聚苯乙烯记住缩进的重要性。如在ConfigParser文档字符串中读取的:

值可以缩进多行,只要缩进的深度比值的第一行深即可。根据解析器的模式,空白行可能被视为多行值的一部分或被忽略。

As mentioned by Peter Smit (https://stackoverflow.com/a/11866695/7424596) You might want to extend ConfigParser, in addition, an Interpolator can be used to automatically convert into and from the list.

For reference at the bottom you can find code which automatically converts config like:

[DEFAULT]
keys = [
    Overall cost structure, Capacity, RAW MATERIALS,
    BY-PRODUCT CREDITS, UTILITIES, PLANT GATE COST,
    PROCESS DESCRIPTION, AT 50% CAPACITY, PRODUCTION COSTS,
    INVESTMENT, US$ MILLION, PRODUCTION COSTS, US ¢/LB,
    VARIABLE COSTS, PRODUCTION COSTS, MAINTENANCE MATERIALS
  ]

So if you request keys you will get:

<class 'list'>: ['Overall cost structure', 'Capacity', 'RAW MATERIALS', 'BY-PRODUCT CREDITS', 'UTILITIES', 'PLANT GATE COST', 'PROCESS DESCRIPTION', 'AT 50% CAPACITY', 'PRODUCTION COSTS', 'INVESTMENT', 'US$ MILLION', 'PRODUCTION COSTS', 'US ¢/LB', 'VARIABLE COSTS', 'PRODUCTION COSTS', 'MAINTENANCE MATERIALS']

Code:

class AdvancedInterpolator(Interpolation):
    def before_get(self, parser, section, option, value, defaults):
        is_list = re.search(parser.LIST_MATCHER, value)
        if is_list:
            return parser.getlist(section, option, raw=True)
        return value


class AdvancedConfigParser(ConfigParser):

    _DEFAULT_INTERPOLATION = AdvancedInterpolator()

    LIST_SPLITTER = '\s*,\s*'
    LIST_MATCHER = '^\[([\s\S]*)\]$'

    def _to_list(self, str):
        is_list = re.search(self.LIST_MATCHER, str)
        if is_list:
            return re.split(self.LIST_SPLITTER, is_list.group(1))
        else:
            return re.split(self.LIST_SPLITTER, str)

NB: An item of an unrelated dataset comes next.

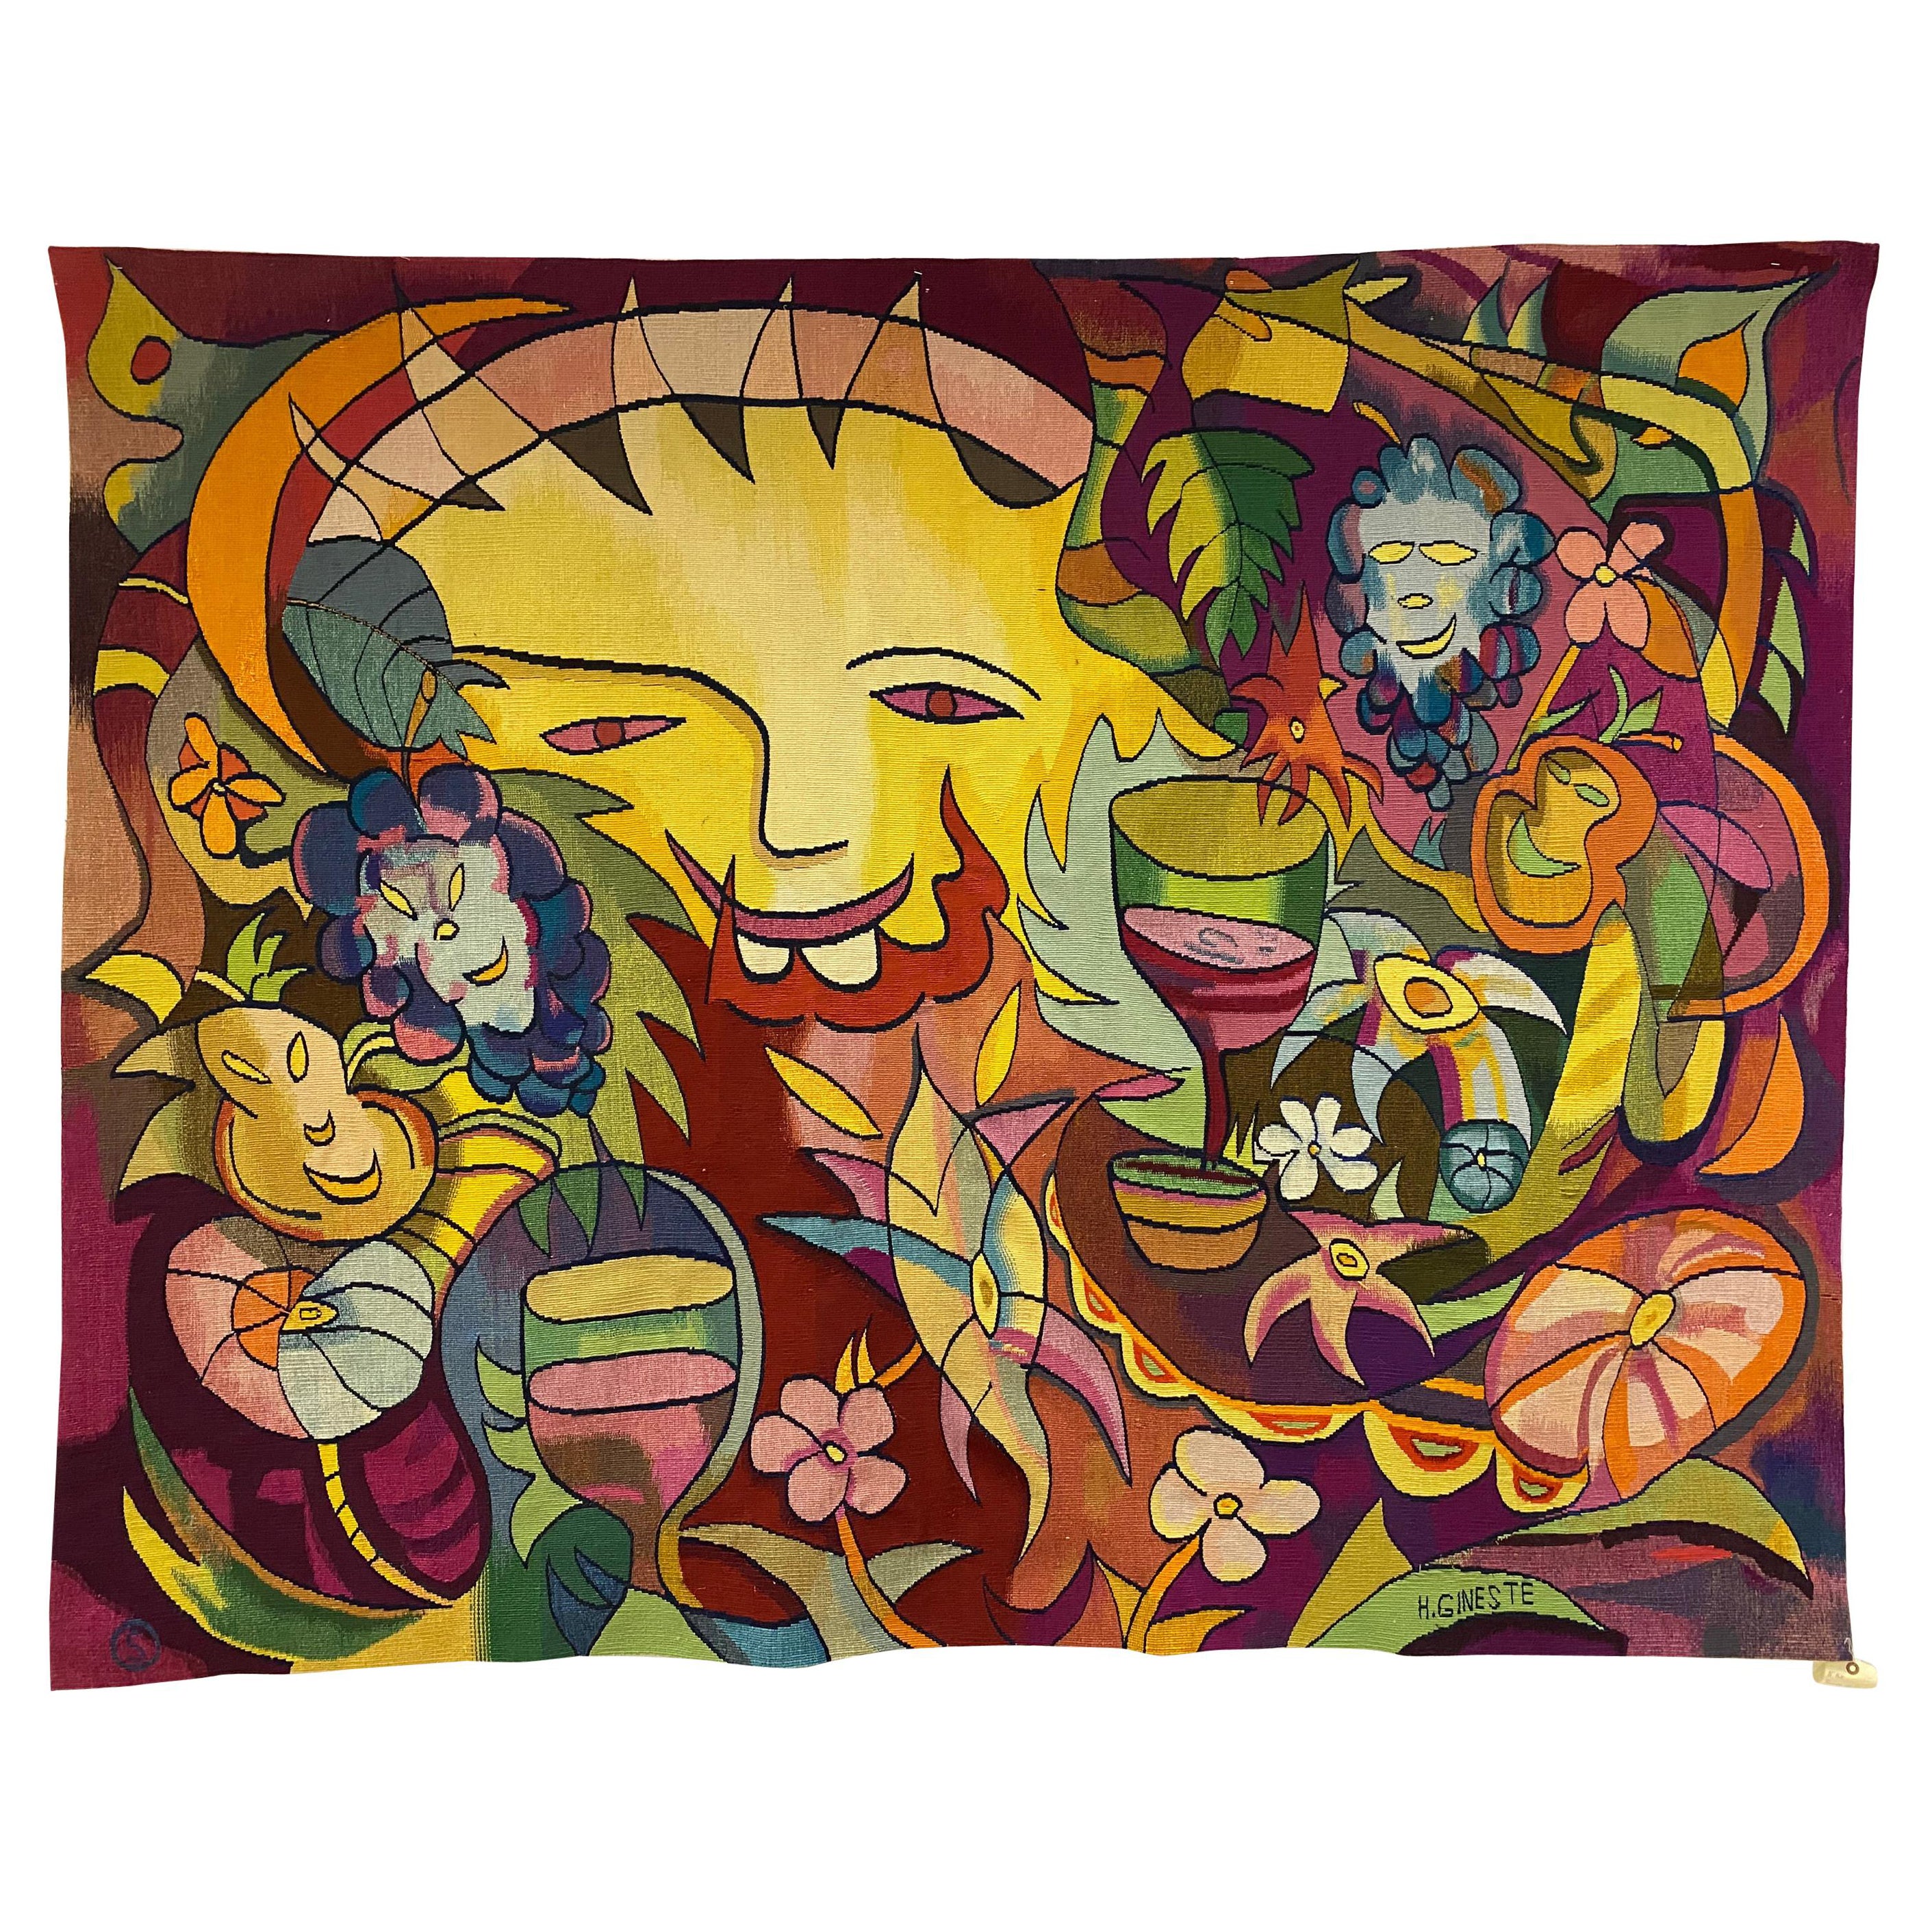 Aubusson Tapestry by H.Gineste "Drunk Sun" Woven in Soana Workshop

    def getlist(self, section, option, conv=lambda x:x.strip(), *, raw=False, vars=None,
                  fallback=_UNSET, **kwargs):
        return self._get_conv(
                section, option,
                lambda value: [conv(x) for x in self._to_list(value)],
                raw=raw,
                vars=vars,
                fallback=fallback,
                **kwargs
        )

    def getlistint(self, section, option, *, raw=False, vars=None,
            fallback=_UNSET, **kwargs):
        return self.getlist(section, option, int, raw=raw, vars=vars,
                fallback=fallback, **kwargs)

    def getlistfloat(self, section, option, *, raw=False, vars=None,
            fallback=_UNSET, **kwargs):
        return self.getlist(section, option, float, raw=raw, vars=vars,
                fallback=fallback, **kwargs)

    def getlistboolean(self, section, option, *, raw=False, vars=None,
            fallback=_UNSET, **kwargs):
        return self.getlist(section, option, self._convert_to_boolean,
                raw=raw, vars=vars, fallback=fallback, **kwargs)

Ps keep in mind importance of indentdation. As reads in ConfigParser doc string:

Values can span multiple lines, as long as they are indented deeper than the first line of the value. Depending on the parser’s mode, blank lines may be treated as parts of multiline values or ignored.